BTW, something to add to this thread. I believe haproxies default tcp health check is a connection check. see https://www.haproxy.com/documentation/aloha/7-0/traffic-management/lb-layer7/health-checks/ "Checking a TCP Port" -> "The check is valid when the server answers with a SYN/ACK packet."

I might be wrong but the conclusion from this is:

  1. Hectors haproxy config doesn't make sense because there is no "expect" when using a TCP port check. All its checking is the monitor is up, not if its returning "ok". We will test this and report back.

  2. You might not need five.z2monitor at all. Connecting directly to the zopes http port with a tcp-check might tell you enough. It will succeed at least when the zserver threads are all busy which is a plus. Not sure what it will do if the db is disconnected though.

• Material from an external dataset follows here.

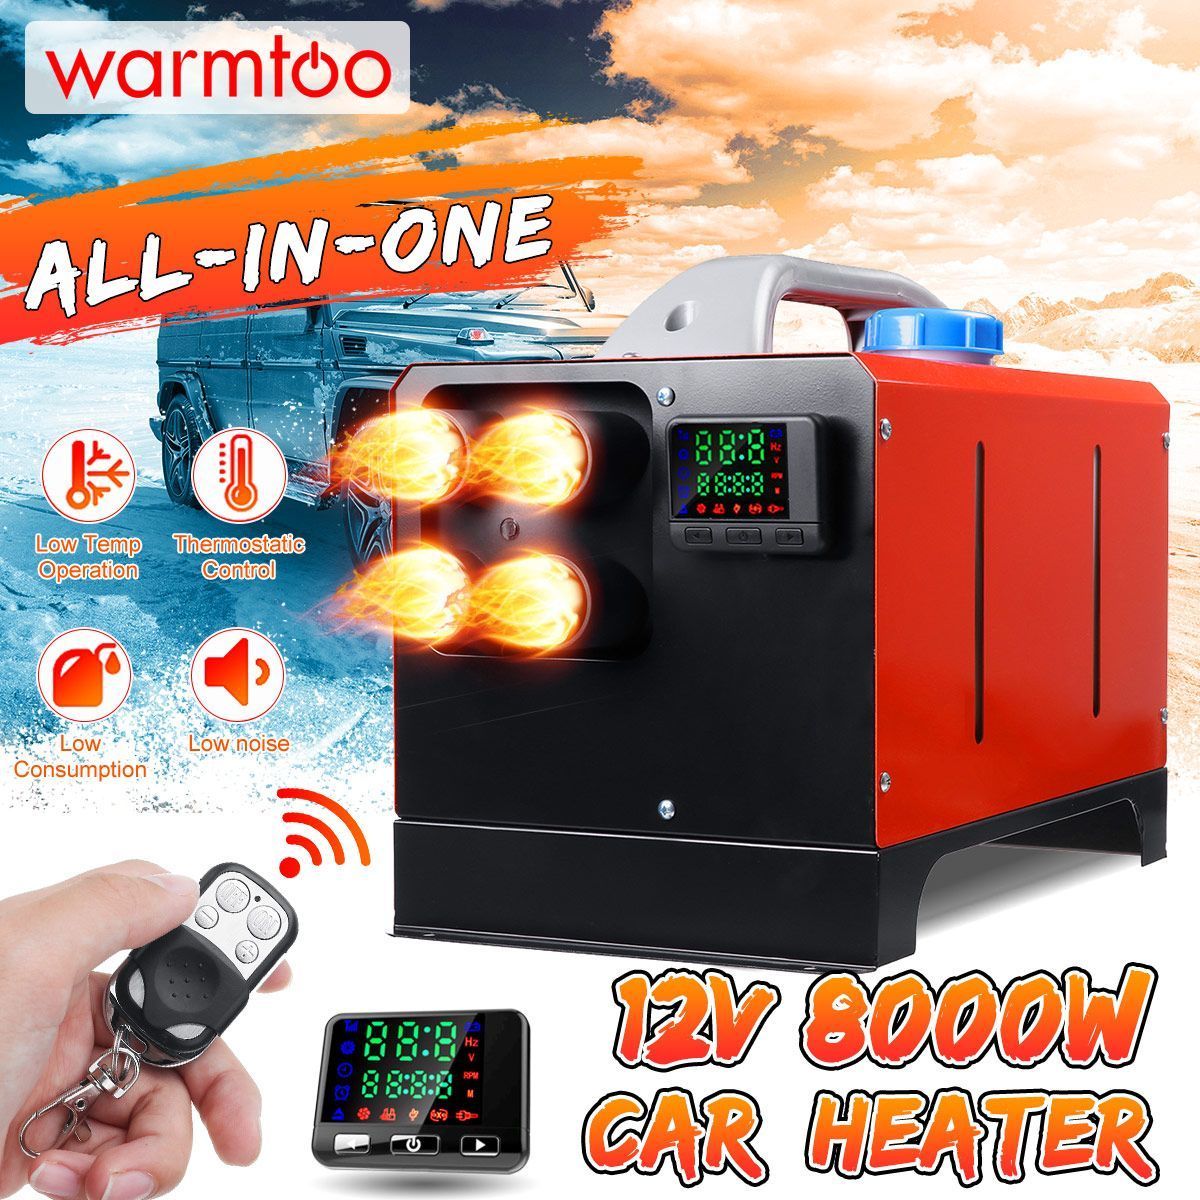 Warmtoo-All-In-One-12V-8KW-Diesel-Air-Heater-Car-Parking-Heater-Wireless-Remote-Control-LCD-Display-1754108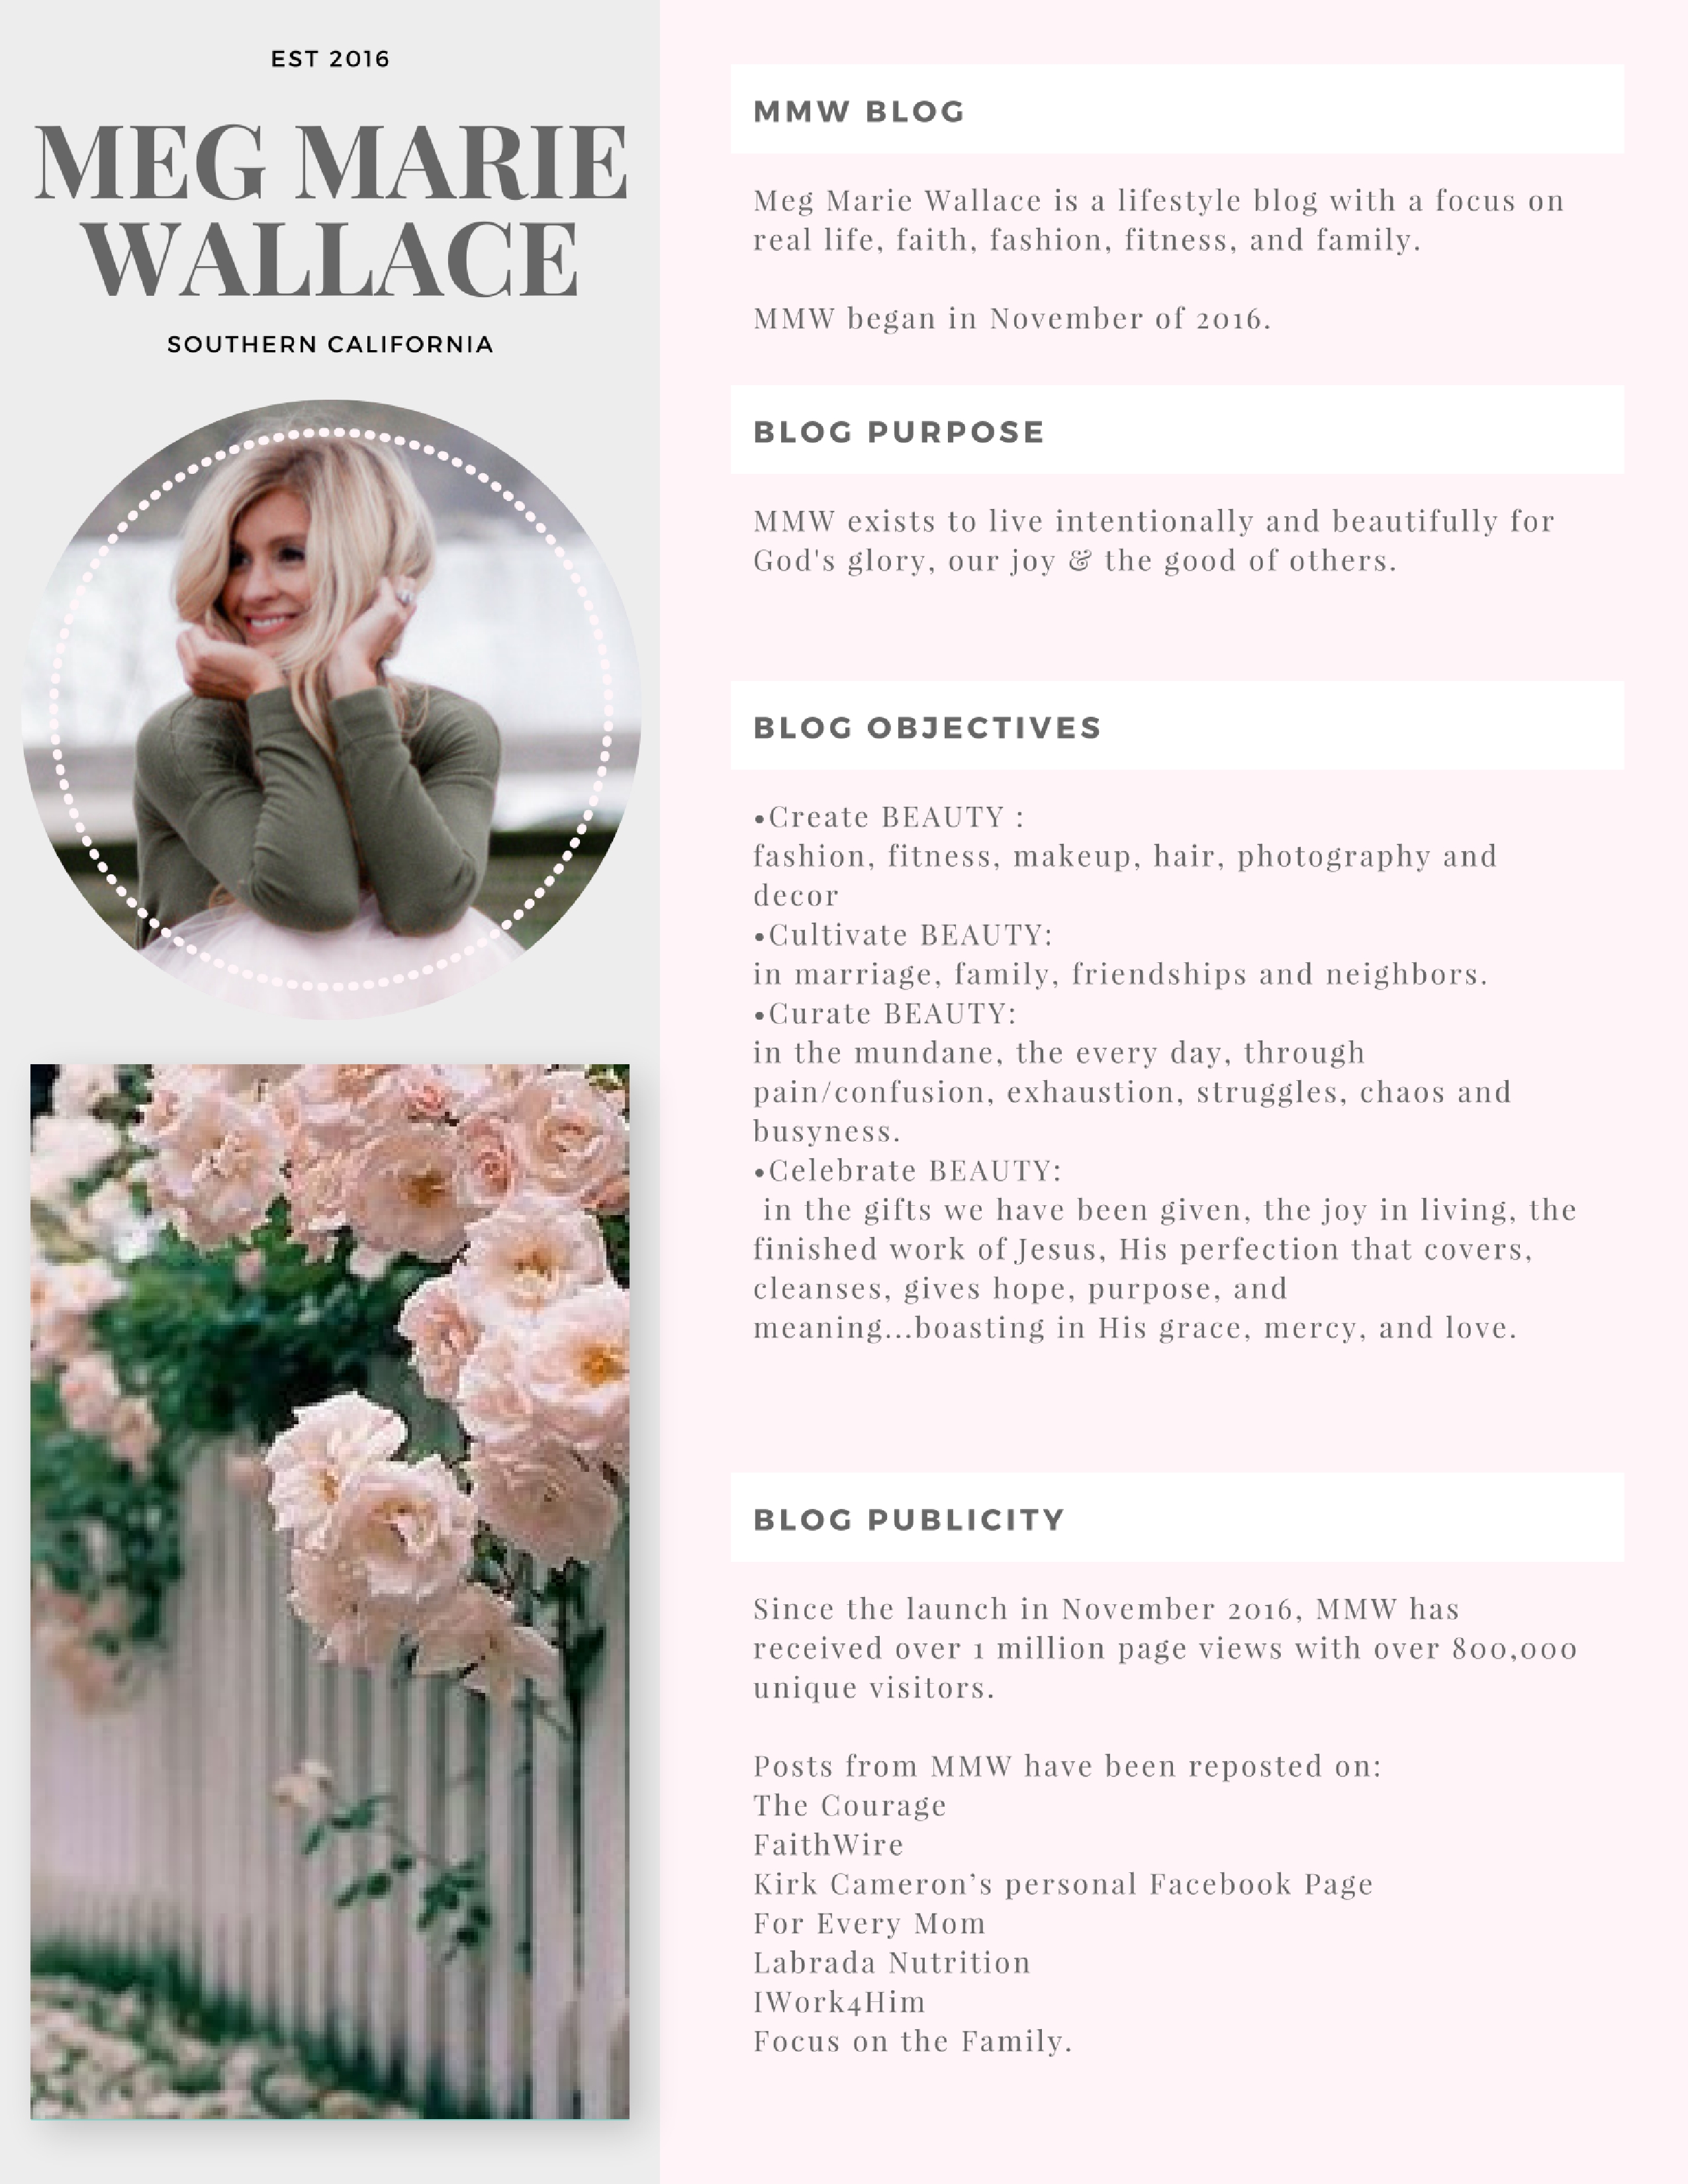 Meg Marie Wallace media pages

ok, further on it says in the docs it says "option tcp-check: Enables and allows tcp-check comment, connect/ send/ send-binary / expect sequences" so "expect" should work for tcp_check.
However point 2 still stands, you can get a decent LB behaviour just using the tcp port check on the normal zope server. The mistake to avoid is using http_check on the zope http port as that will make the service go down when its busy which isn't what you want.

that's a interesting approach but could be harmful; remember this?

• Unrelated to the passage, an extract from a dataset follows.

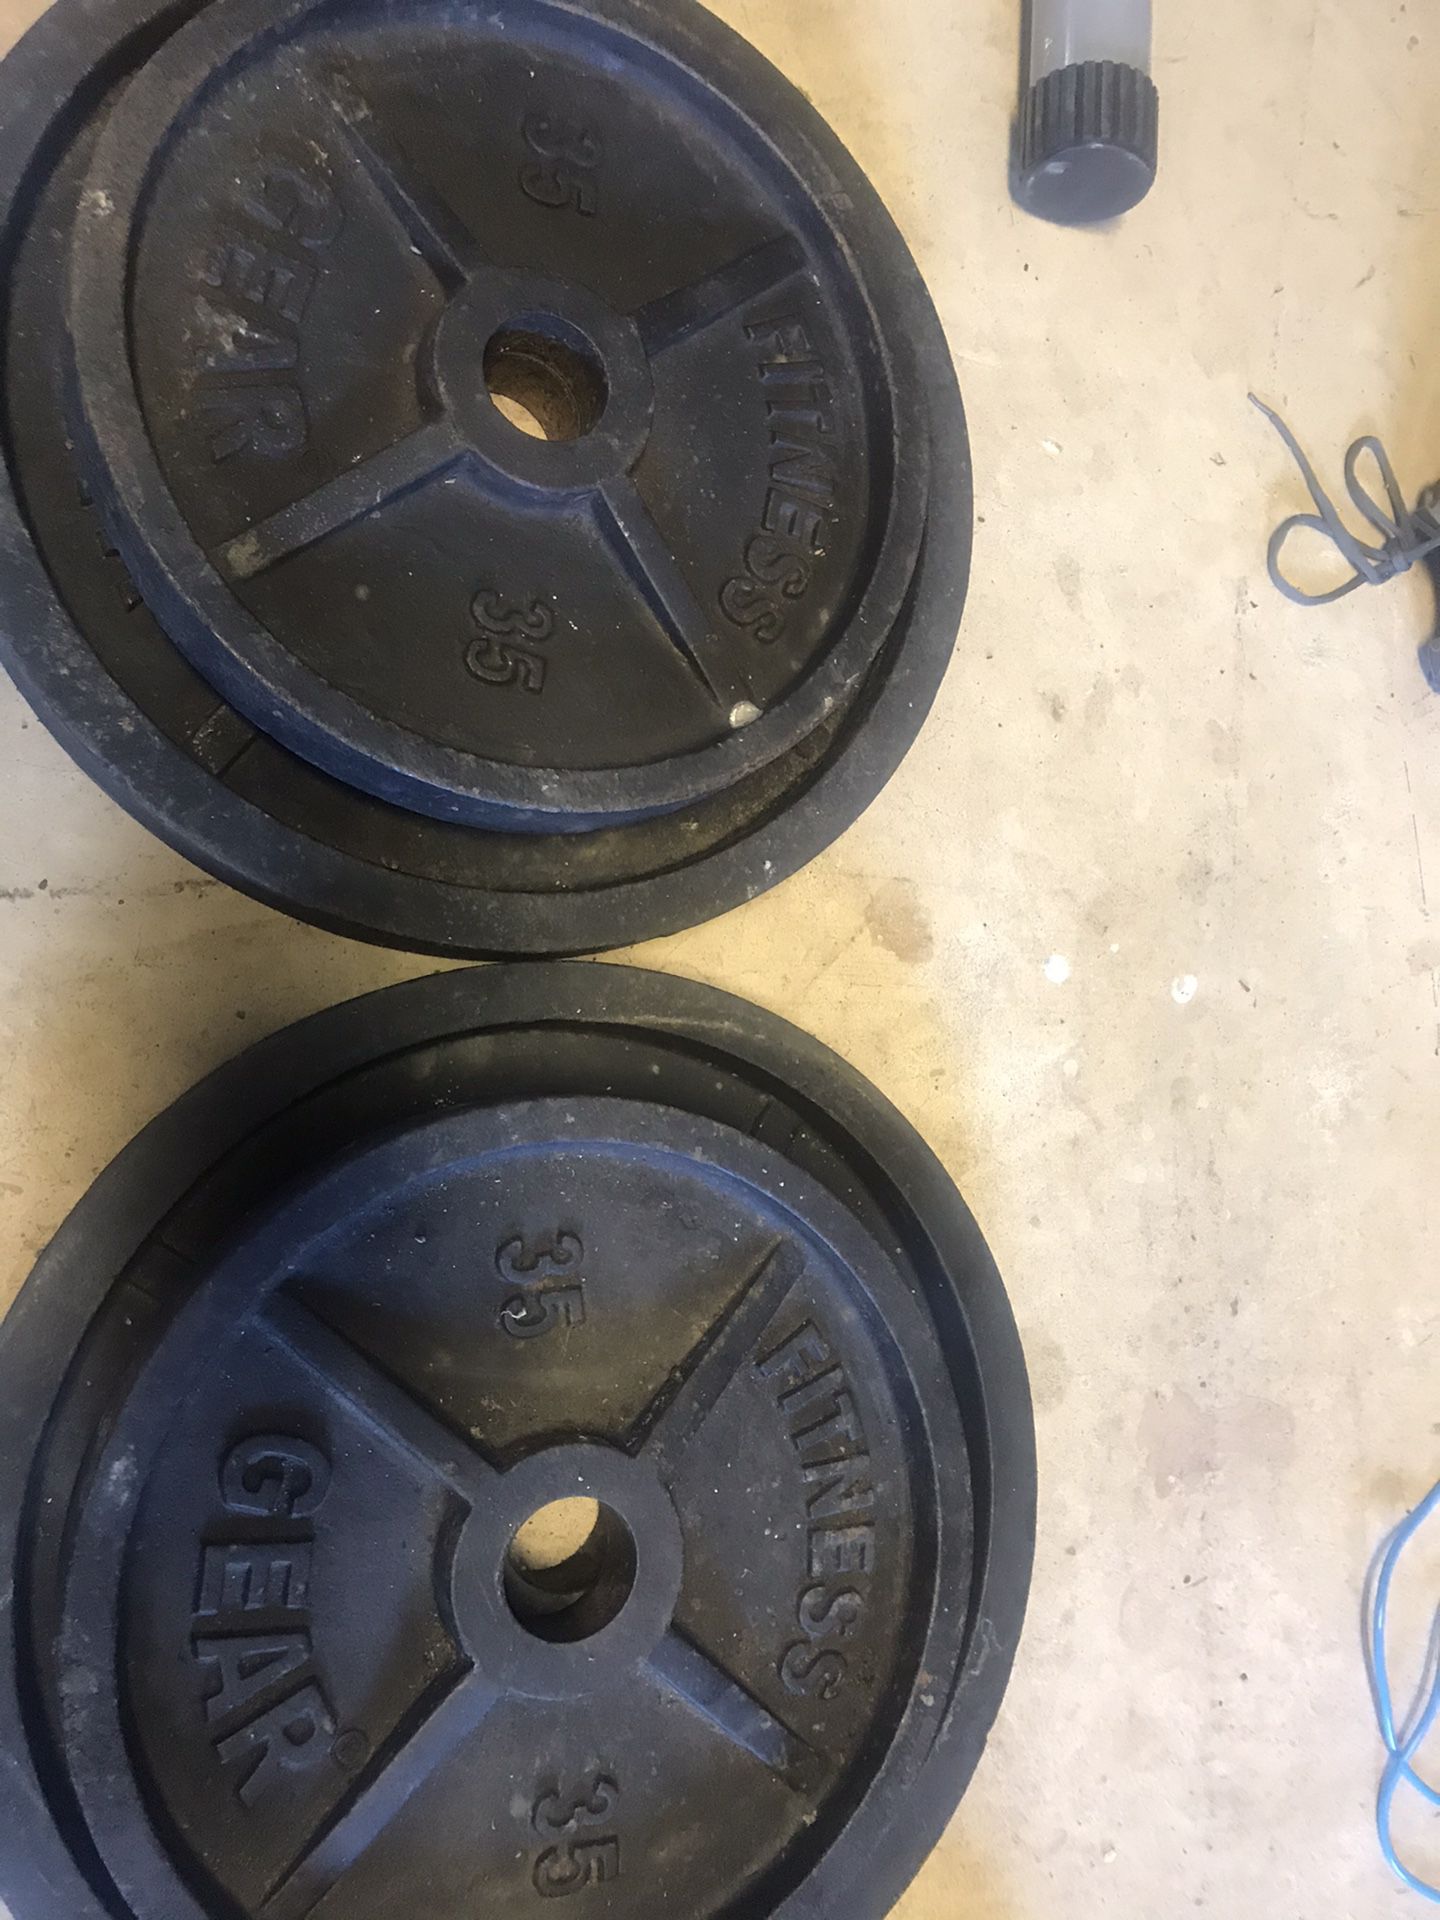 Pair of 35 Lbs Olympic weights plates

BTW, you're checking the wrong documentation; you must not use Aloha's, but HAProxy open source version:

http://cbonte.github.io/haproxy-dconv/1.8/configuration.html#4-option%20tcp-check

if you are having network connection problems either its going to affect both the monitor and the http port it which case either healthcheck is as good. Or if affects the http port but not the monitor port... then the monitor healthcheck is going to say things a fine when its not instead of potentially rerouting traffic to a healthy server. This is the scenario that worries me the most. If there are cases of unhealthness that the monitor healthcheck don't cover.

@smcmahon Looking at your PR I couldn’t see where you added the monitor into the zope buildout. Hectors original suggestion used custom code because five.z2monitor is not enough by itself. Are you using collective.monitor?

Check the haproxy role changes. I discovered that sending "quit" was adequate to find out if the monitor was up. No custom Zope code needed.